Data below:
_ _ _ _ _ _ _

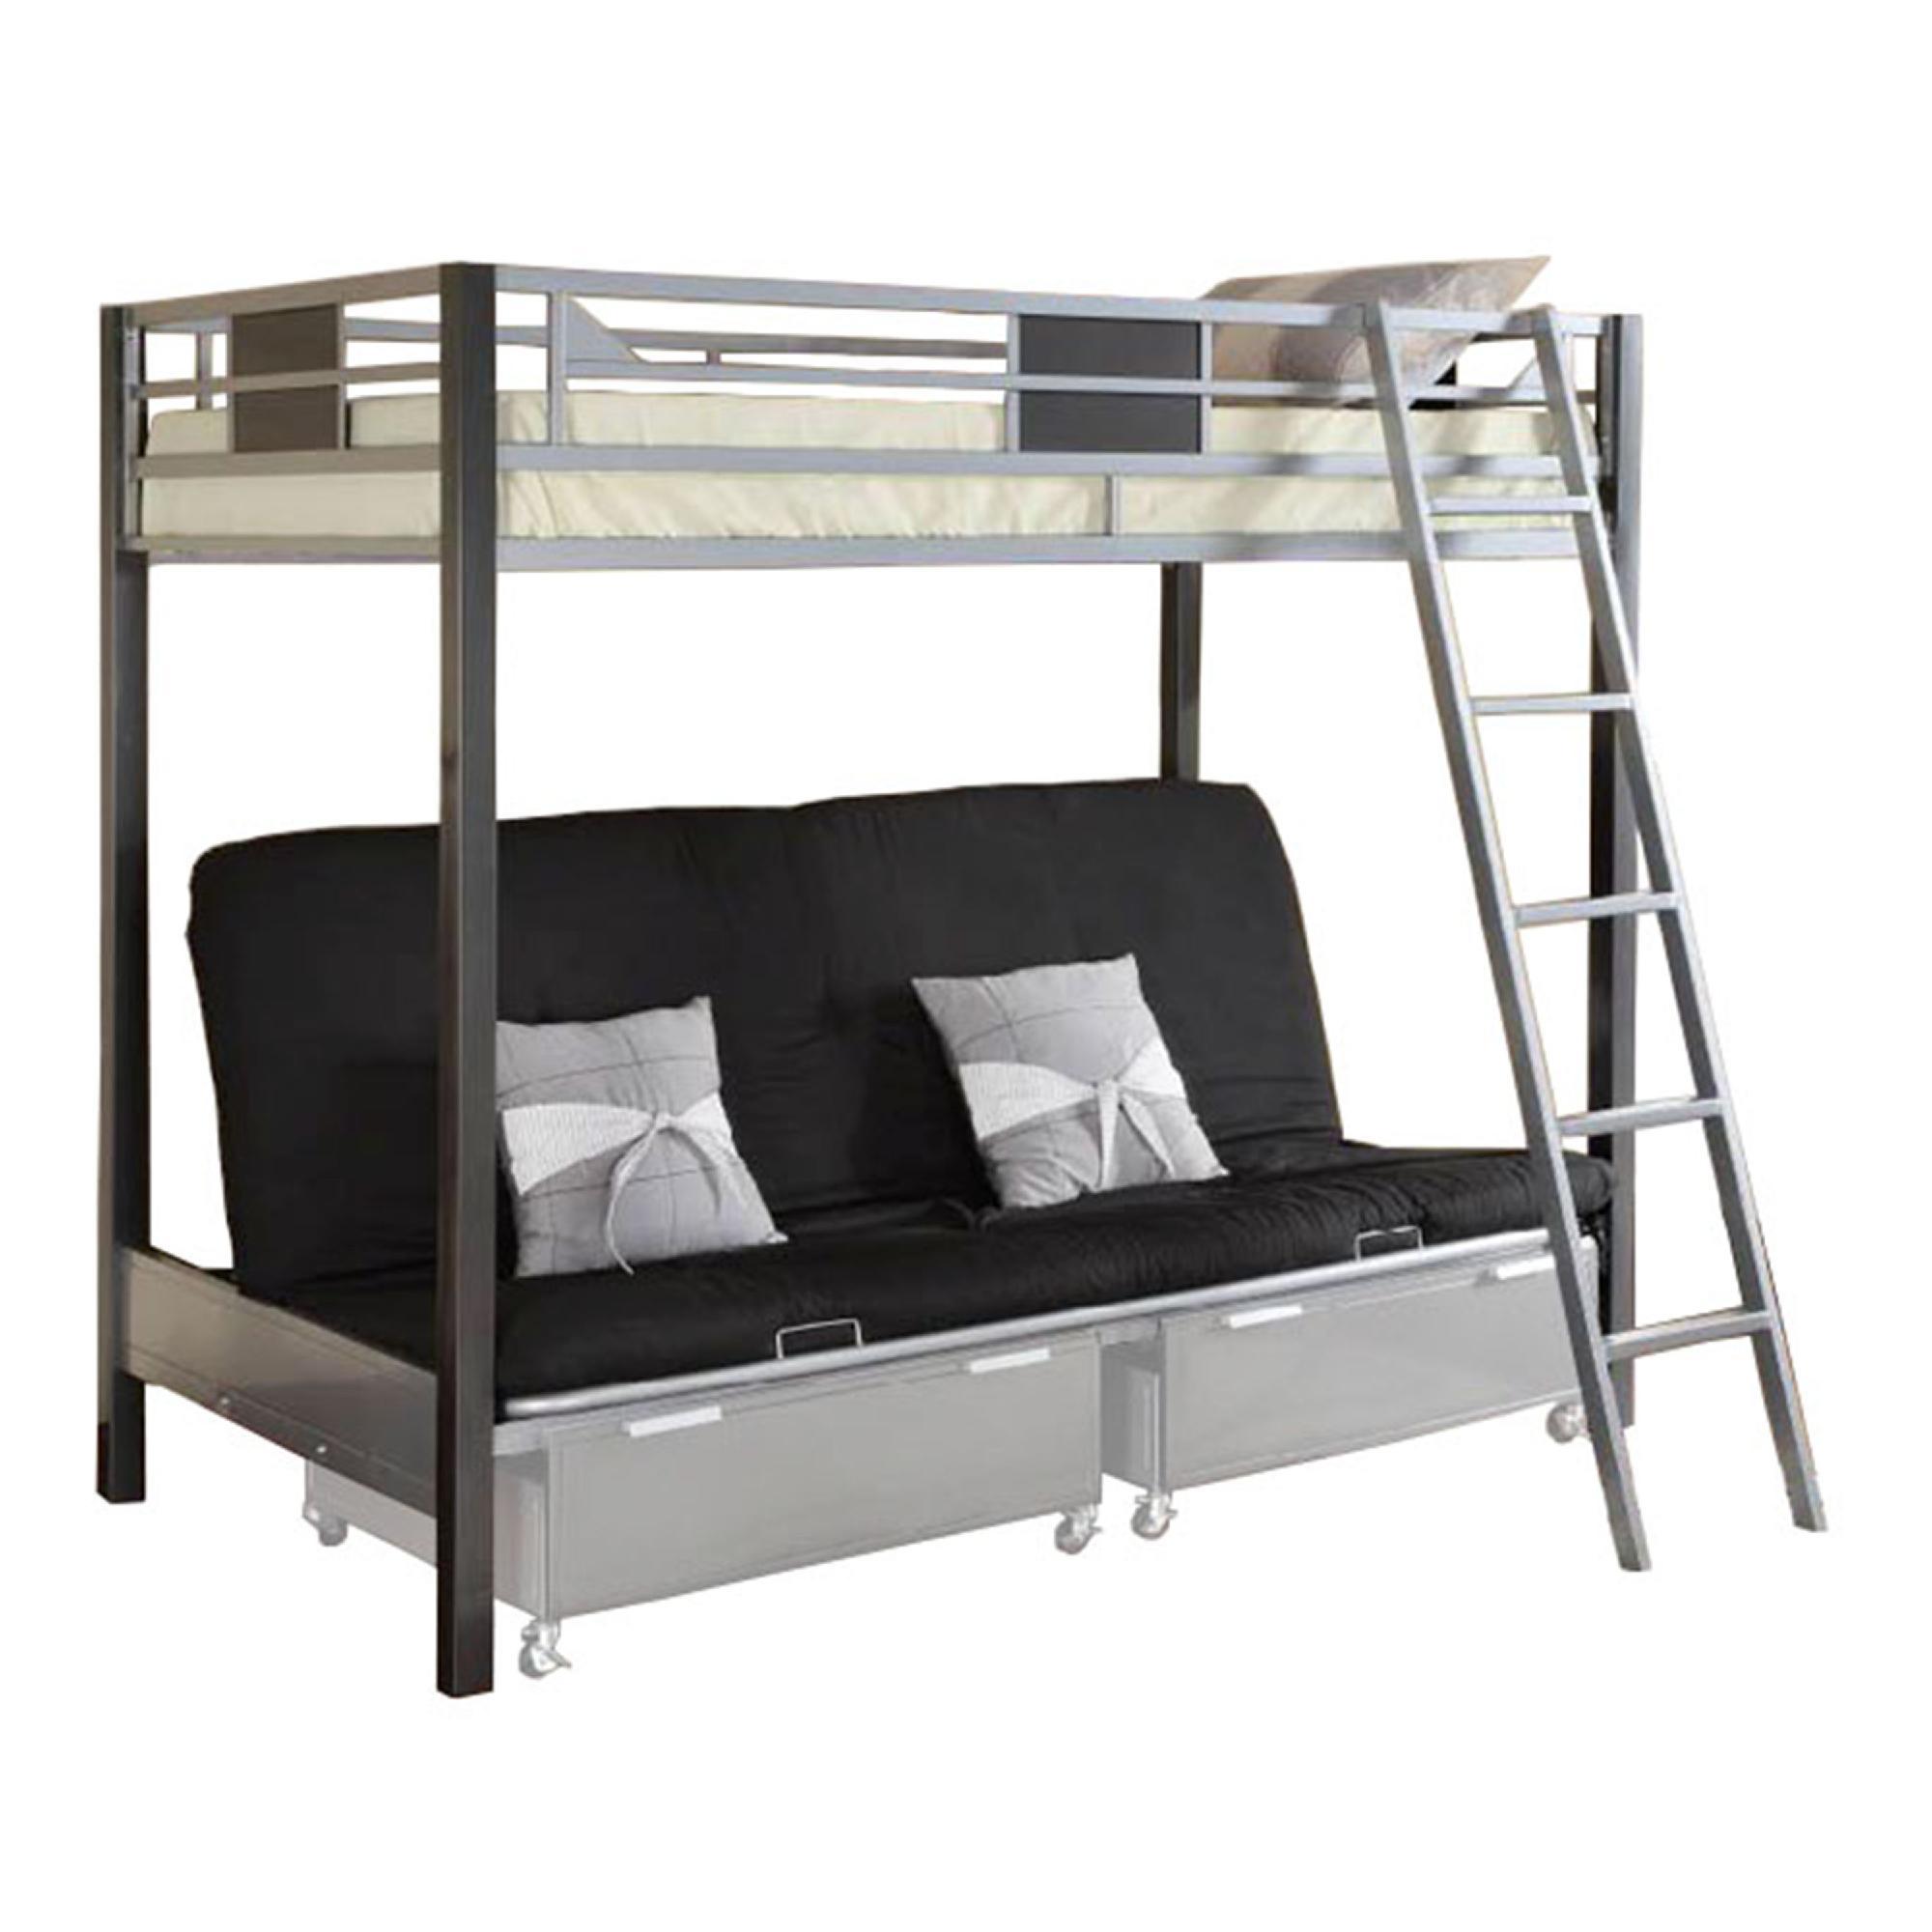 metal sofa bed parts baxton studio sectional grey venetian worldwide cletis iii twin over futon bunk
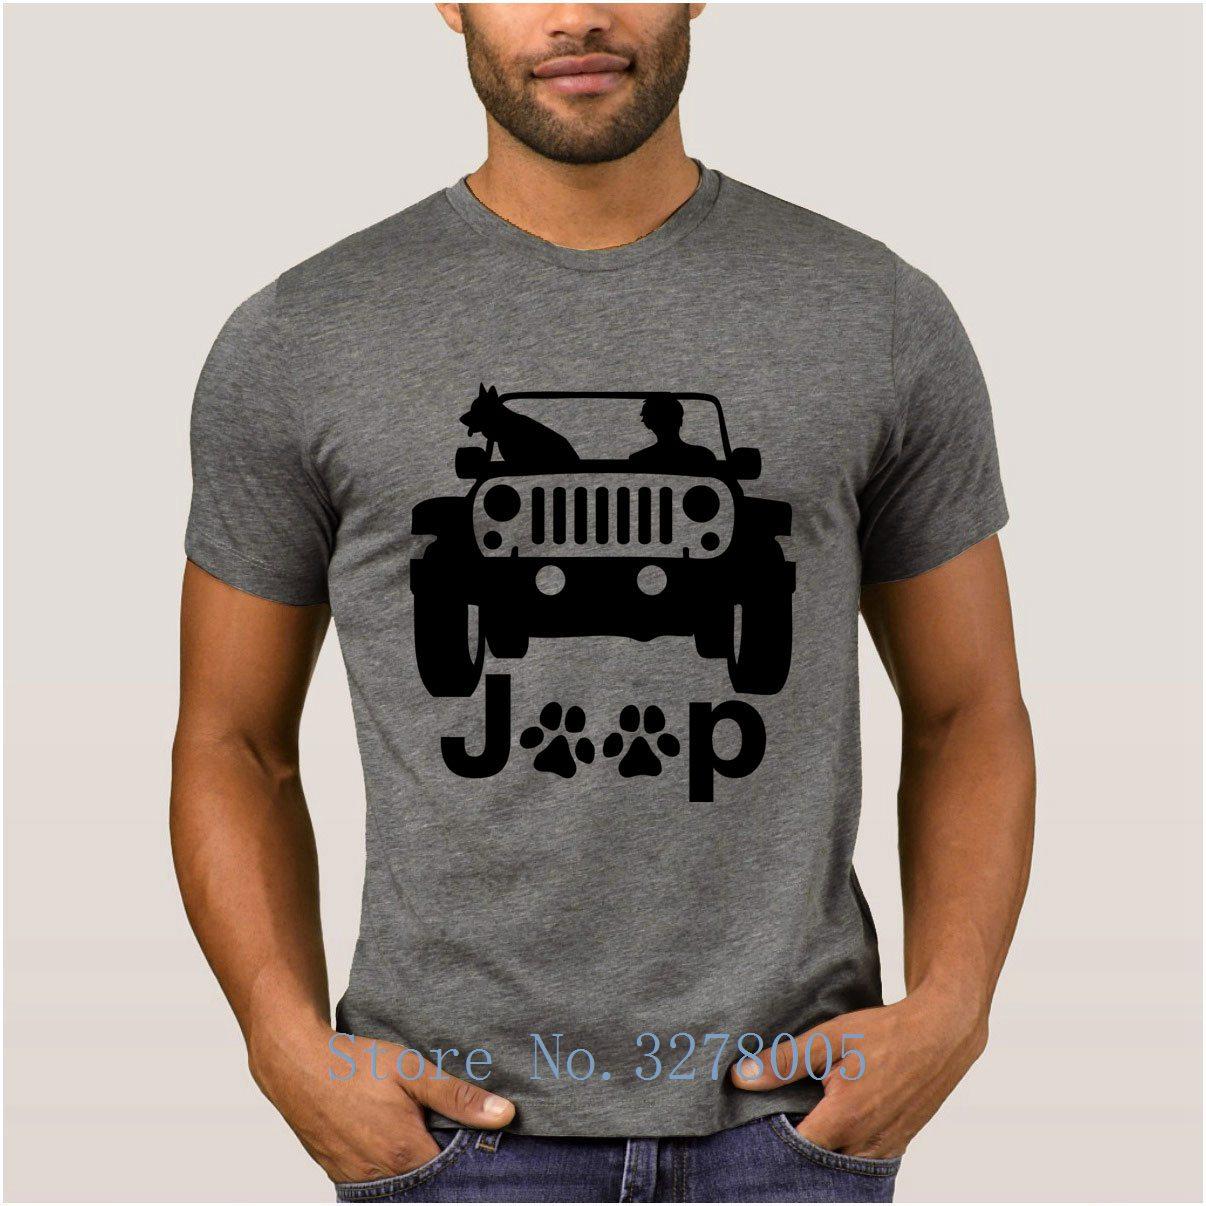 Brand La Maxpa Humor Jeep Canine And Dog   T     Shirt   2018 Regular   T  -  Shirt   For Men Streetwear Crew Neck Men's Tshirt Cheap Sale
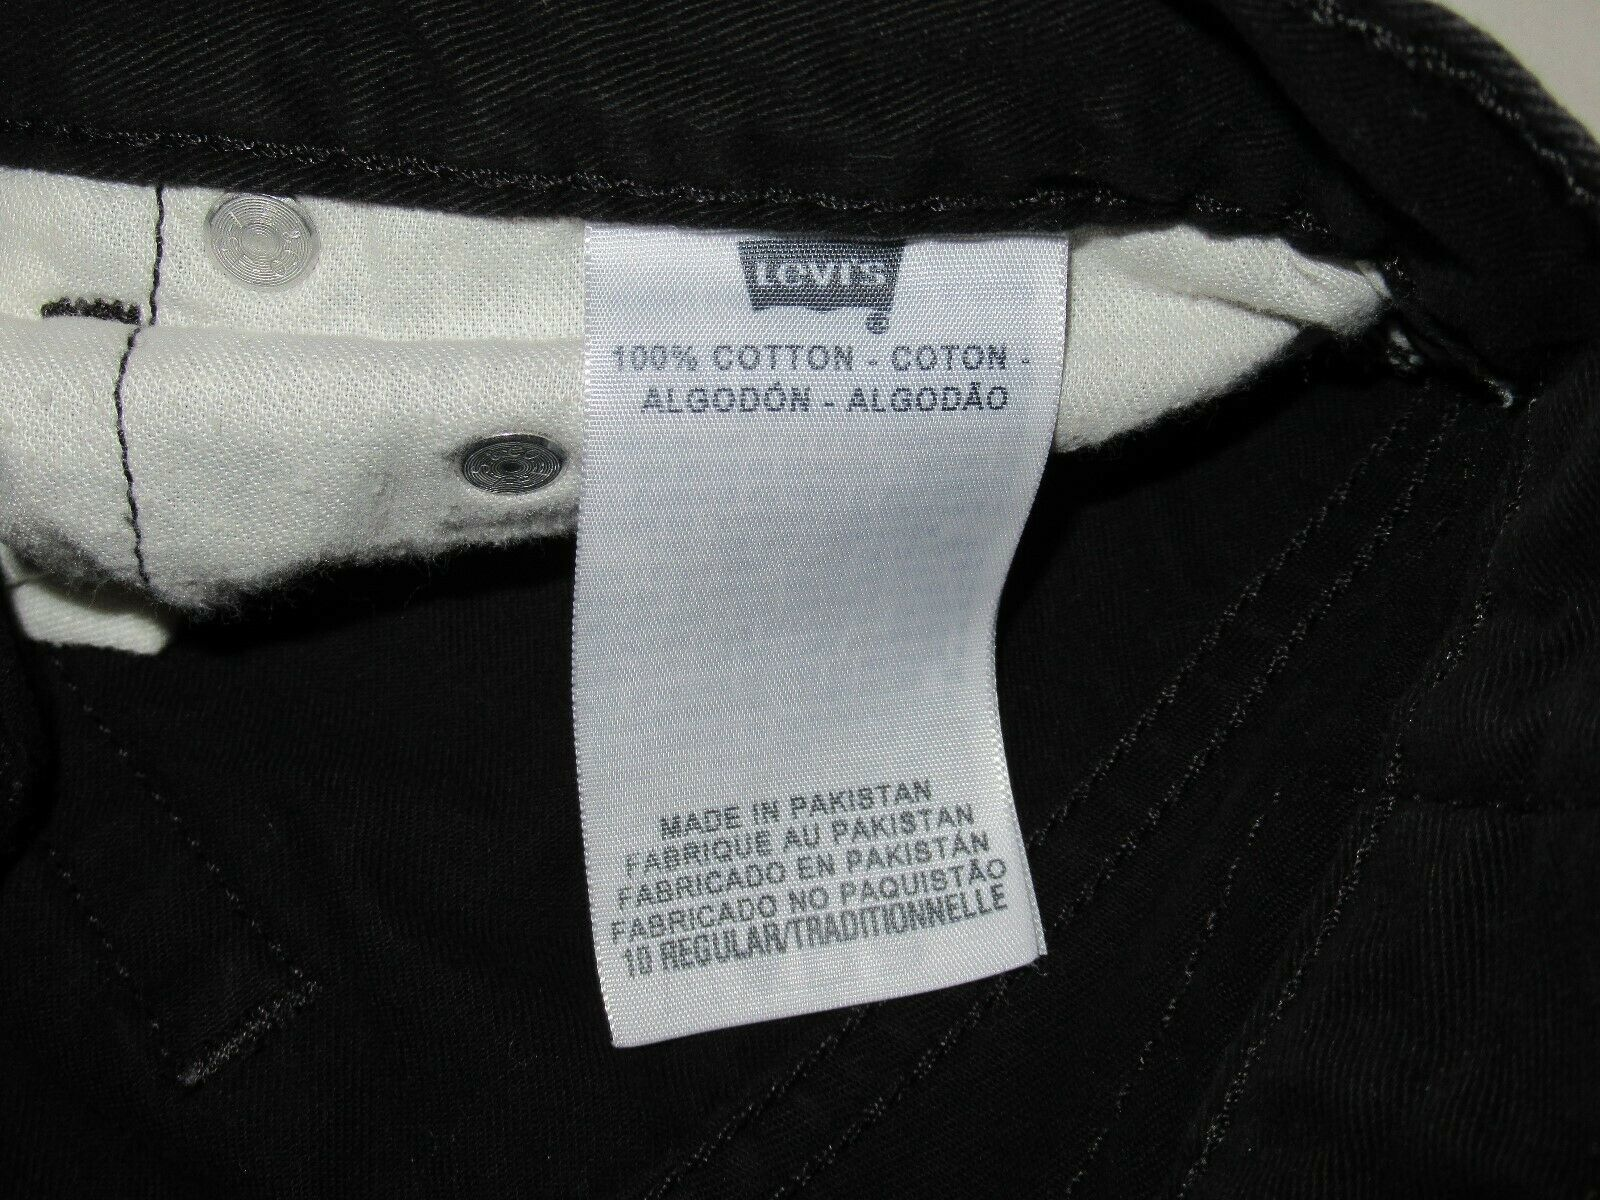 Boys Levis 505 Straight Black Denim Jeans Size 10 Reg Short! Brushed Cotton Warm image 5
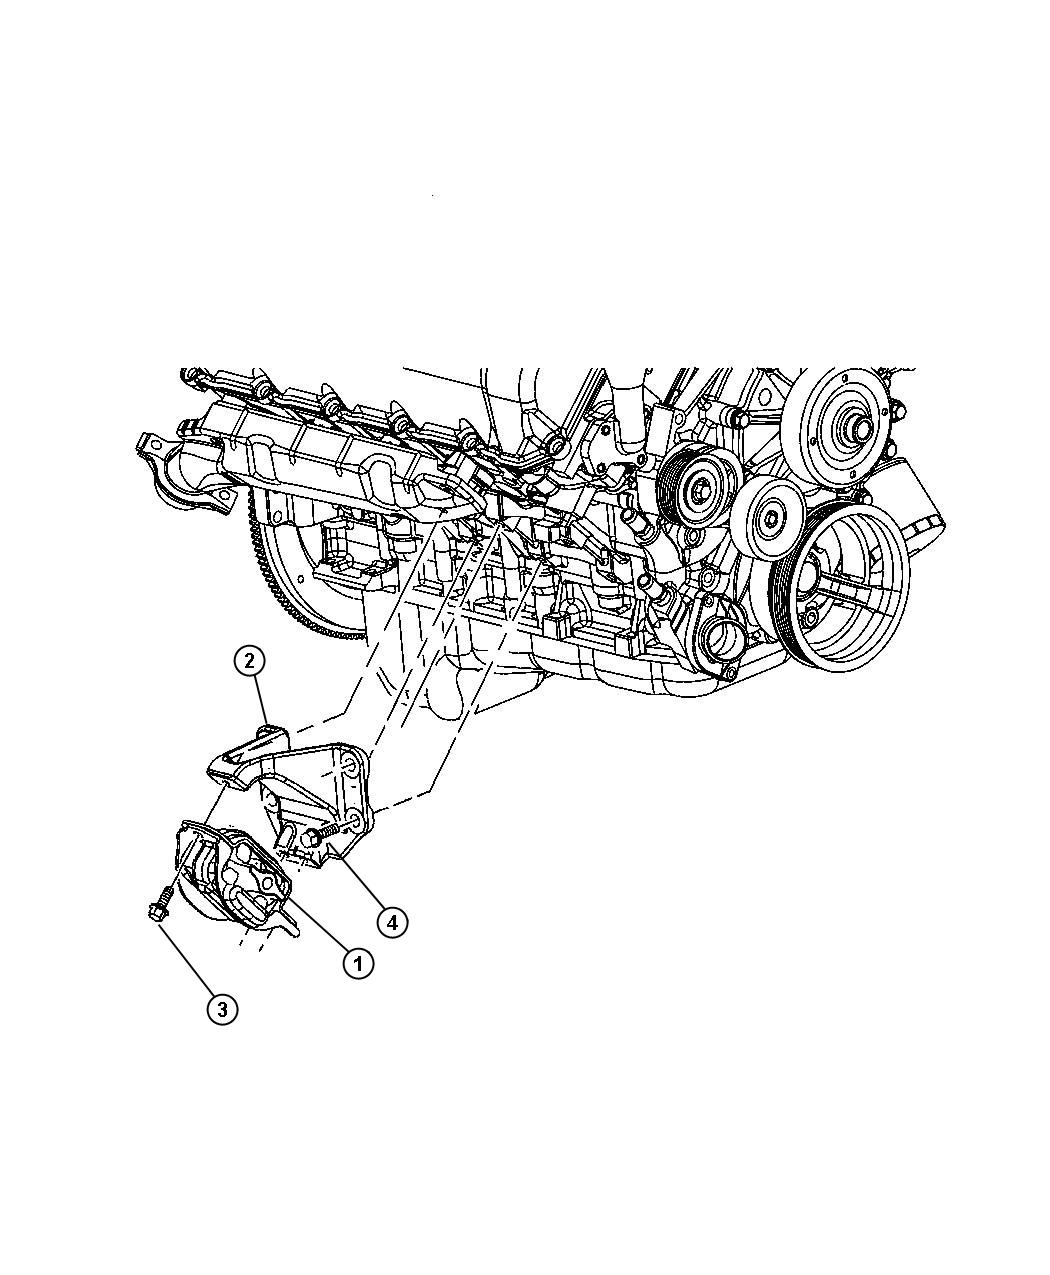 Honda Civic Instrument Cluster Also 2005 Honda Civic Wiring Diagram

_ _ _ _ _ _ _

Work request:
Omit the pictures. Repeat the rest of the data exactly.

Response to the exercise:
 metal sofa bed parts baxton studio sectional grey venetian worldwide cletis iii twin over futon bunk
 Brand La Maxpa Humor Jeep Canine And Dog   T     Shirt   2018 Regular   T  -  Shirt   For Men Streetwear Crew Neck Men's Tshirt Cheap Sale
 Boys Levis 505 Straight Black Denim Jeans Size 10 Reg Short! Brushed Cotton Warm image 5
 Honda Civic Instrument Cluster Also 2005 Honda Civic Wiring Diagram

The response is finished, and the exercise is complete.